I think of them and I wonder, “Why am I here, doing relatively ok, save for a broken brain that among other things constantly keeps me awake writing blog entries like this one, and for a recent spill that has me using a walker again, while some of them aren’t here anymore and some of them struggle with life changing diagnoses? Why am I, a nobody, walking around relatively ok while these smart, strong, amazing advocates and mentors, these beautiful people, are struggling so much or are dead??”

Now, understand, I’m not saying my life is easy. My life has its struggles too. As we all do. I mean, as a soon to be 49 year old man with Spina Bifida, and as a soon to be 49 year old man with Spina Bifida who is also a caretaker to someone with such intense stuff going on as renal failure and doing home dialysis, my life is not easy.

So I’m not saying I don’t have struggles.

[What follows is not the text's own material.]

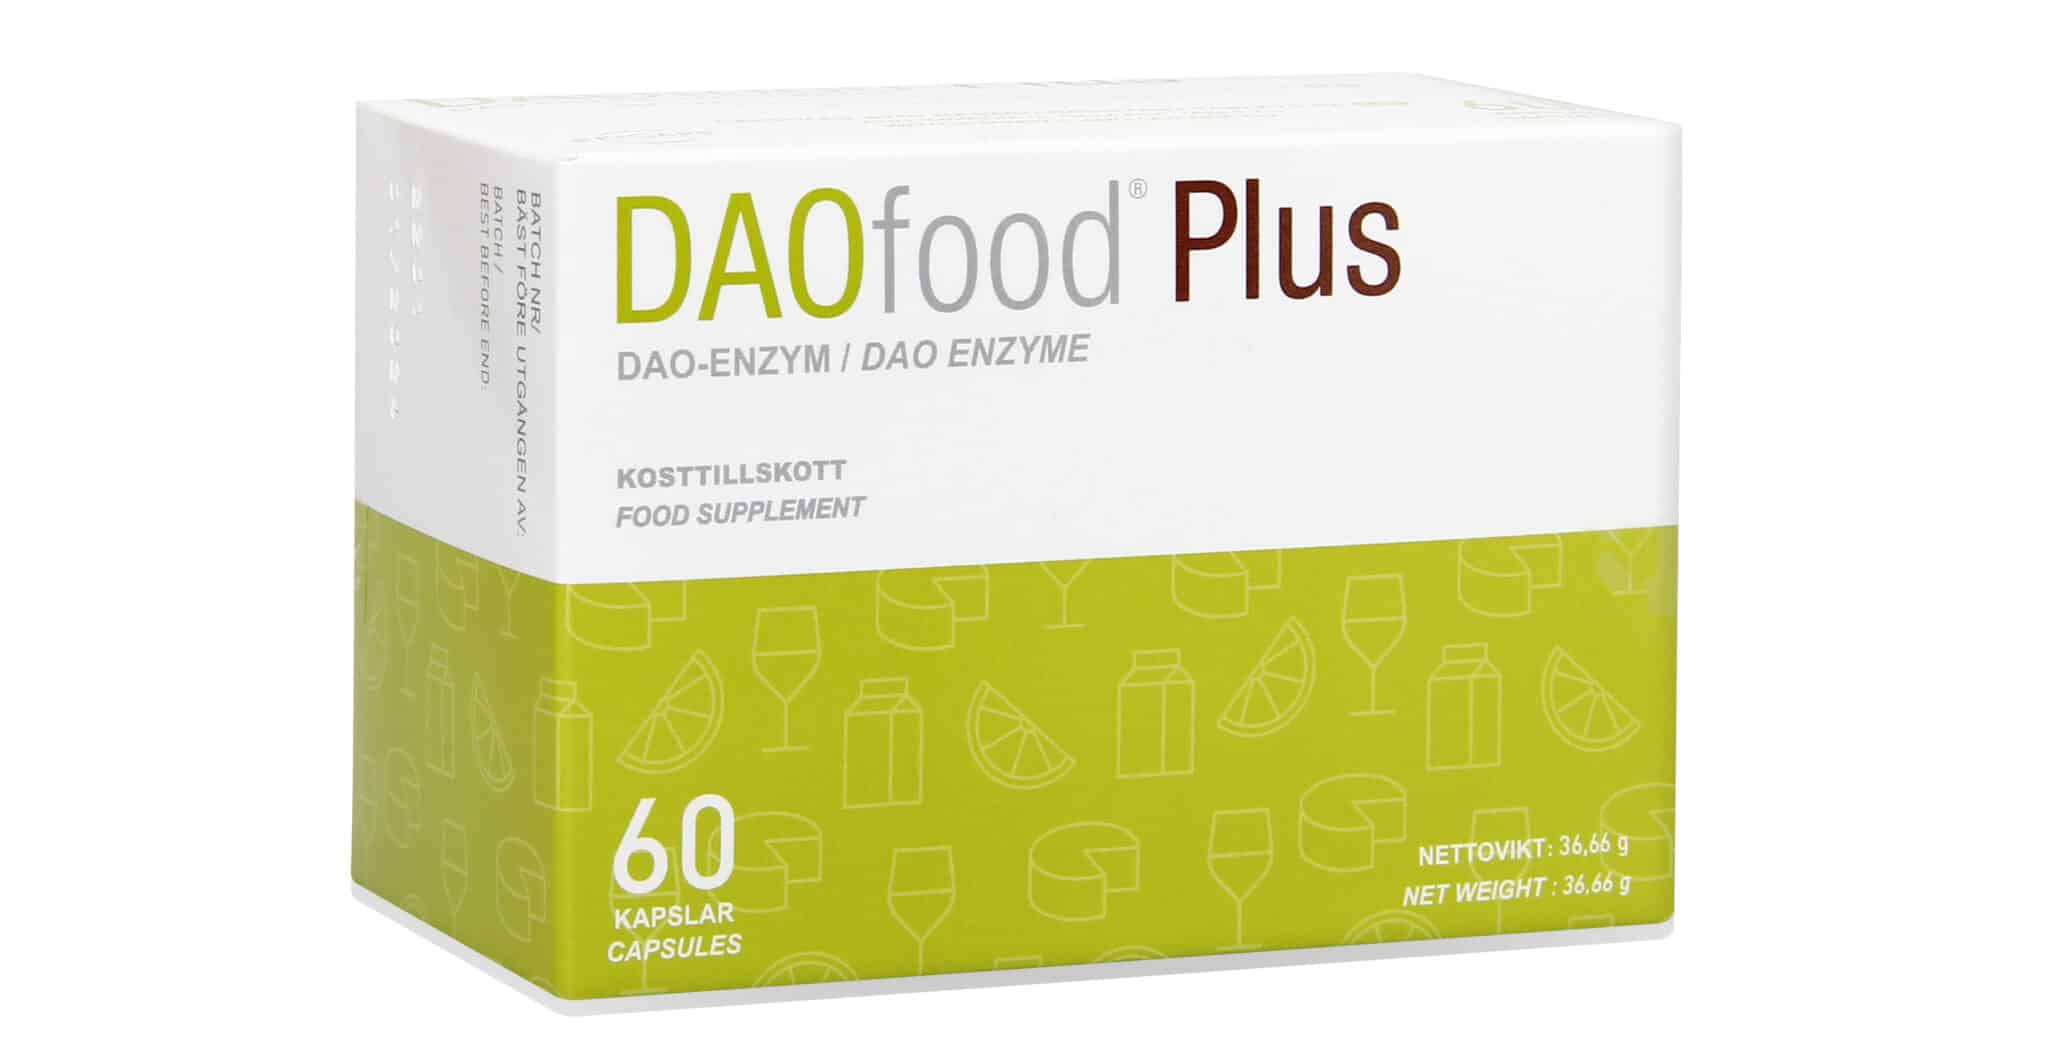 DAOfood Plus som innehåller DAO-enzym, quercetin samt C-vitamin.
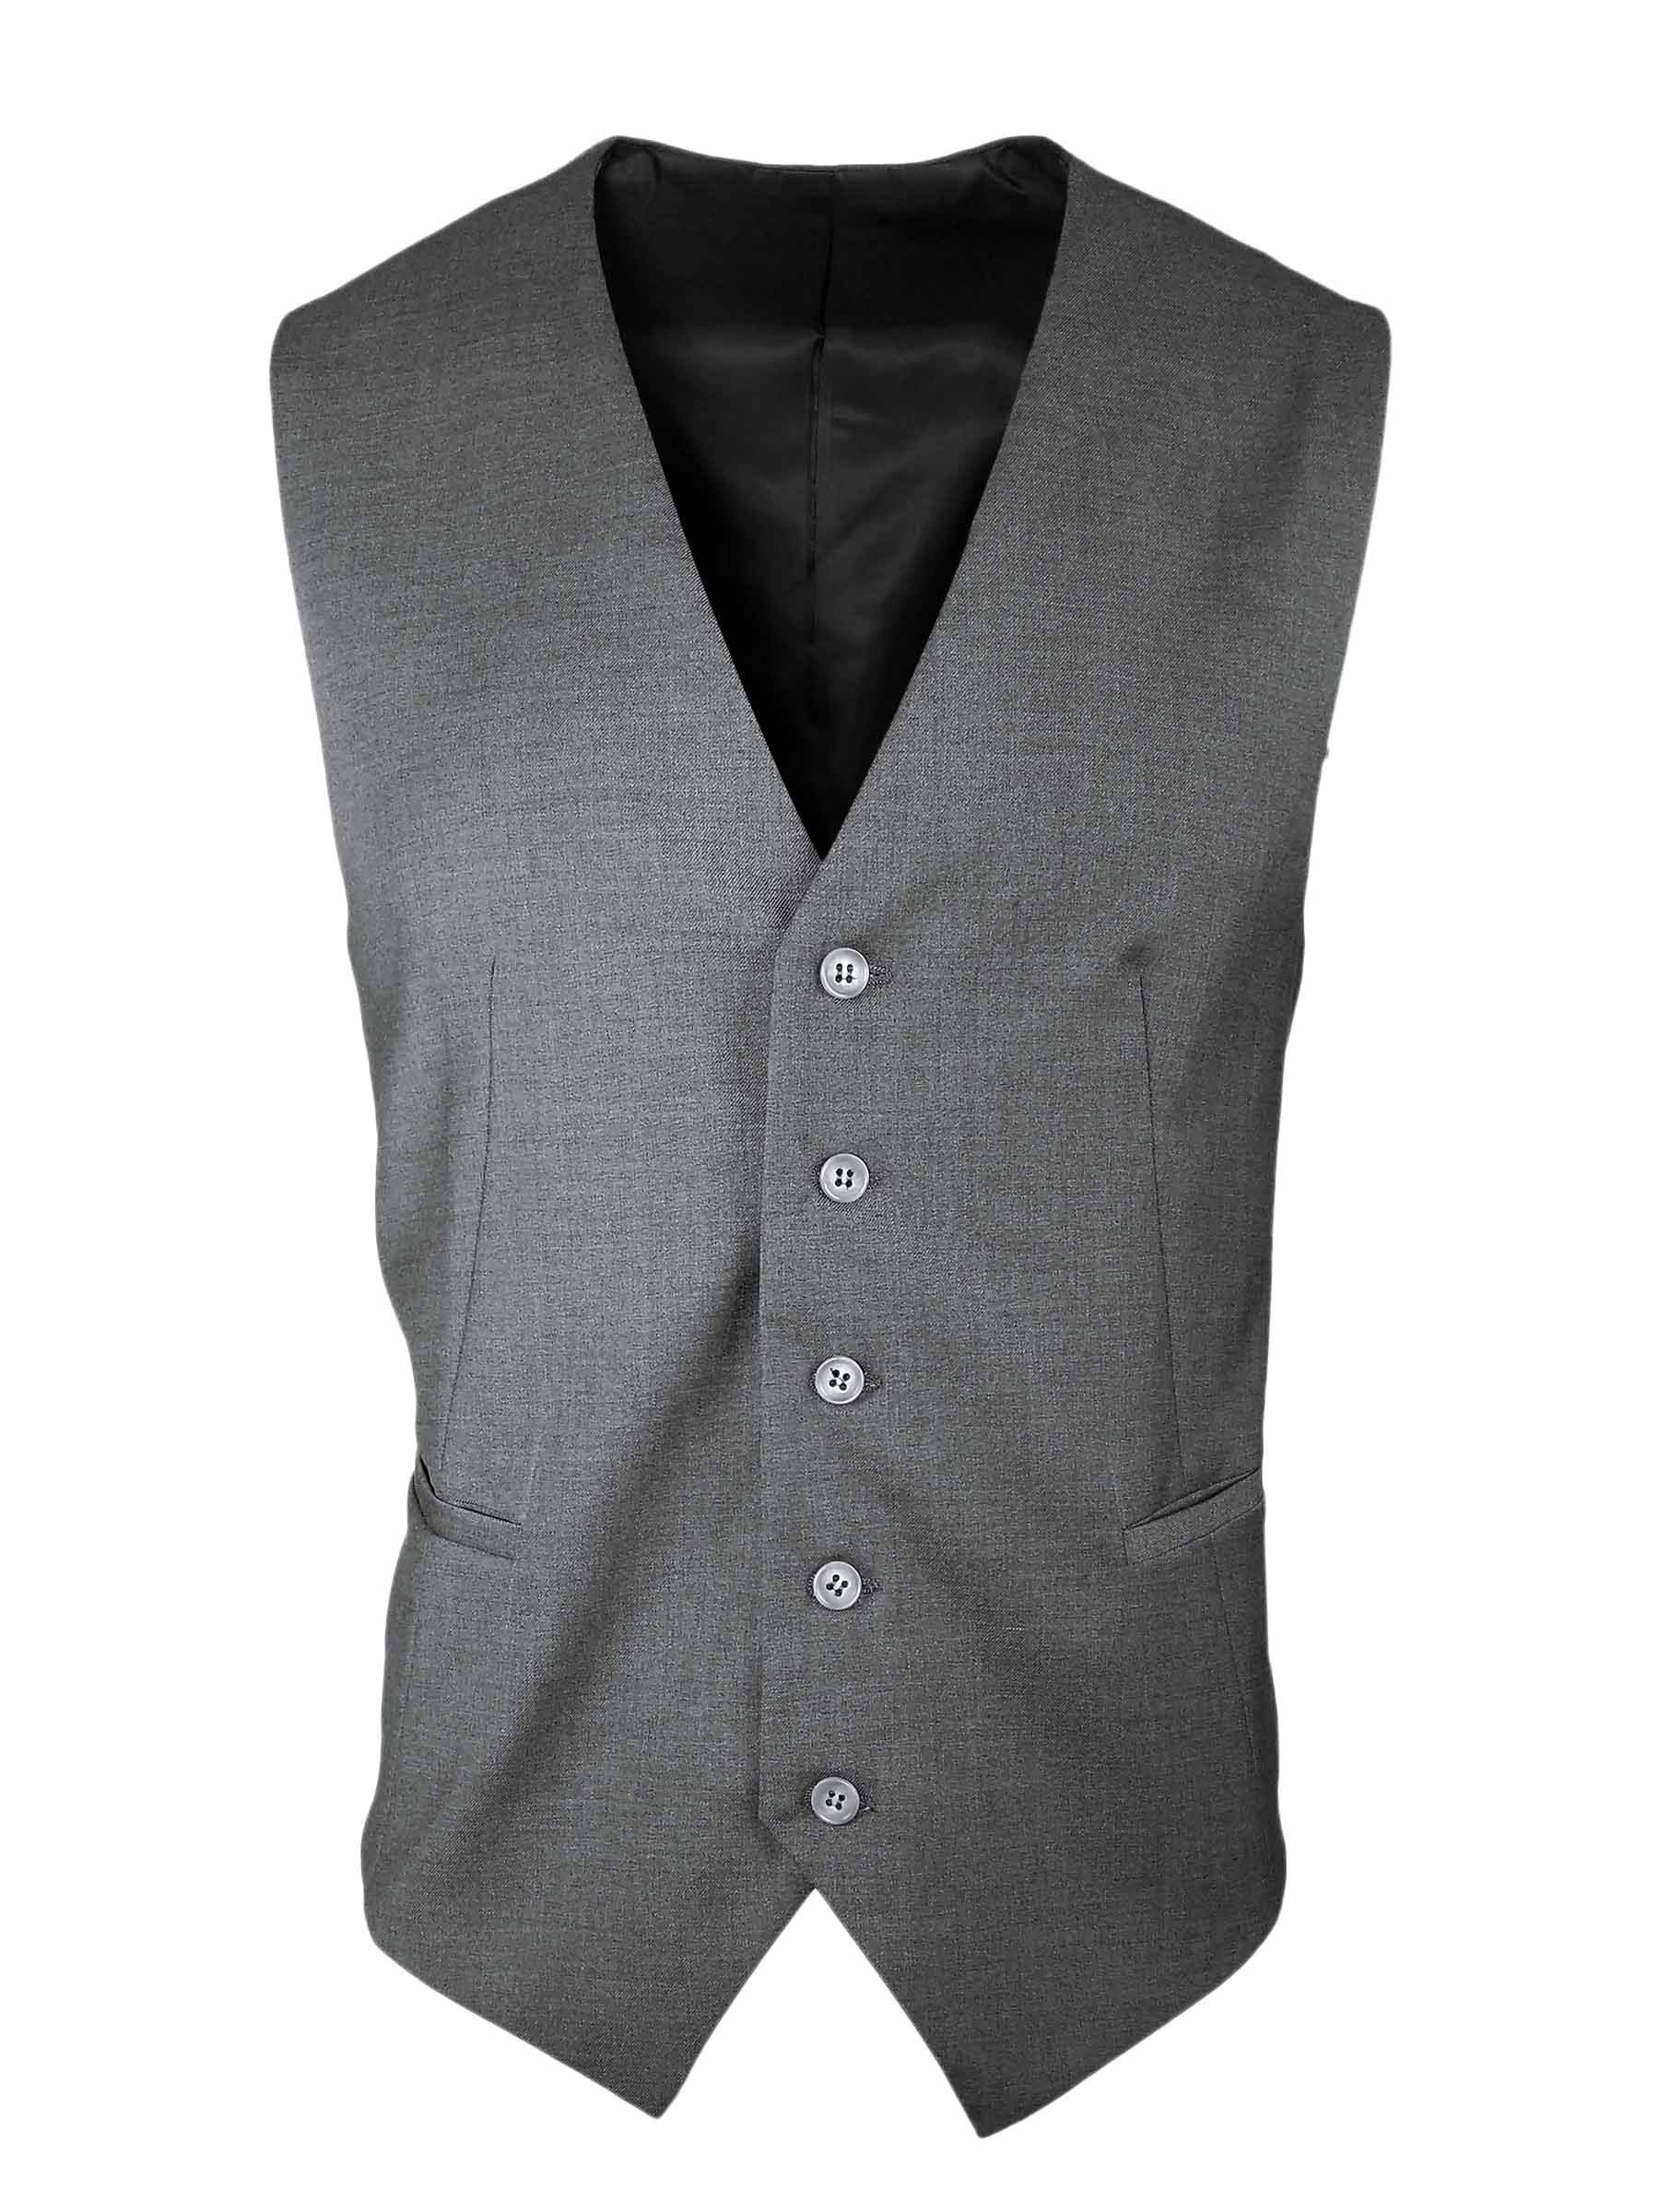 Men's Vest - Light Grey Wool Blend - Uniform Edit

I do and it sucks.

But I also don’t wanna be the guy who has struggles but who says, “I’m grateful because it could always be worse.” I mean, it’s true, it could always be worse. And I’m grateful. And maybe I should stop there. Maybe I should just be grateful that I’m relatively ok and move on.

But that’s not me. That’s not what I do. I’m tortured with a brain that thinks too much, a soul that feels too much. A mind that lays awake at night, always trying to figure “it” out.

The problem with introspection is that it has no end.”

~author Philip K. Dick

But also, I can’t help but feel icky because that phrase -It could always be worse- is very “inspiration porn” and that’s gross. I’m certainly not saying, “Well at least I’m not them!” (Topic for another day.)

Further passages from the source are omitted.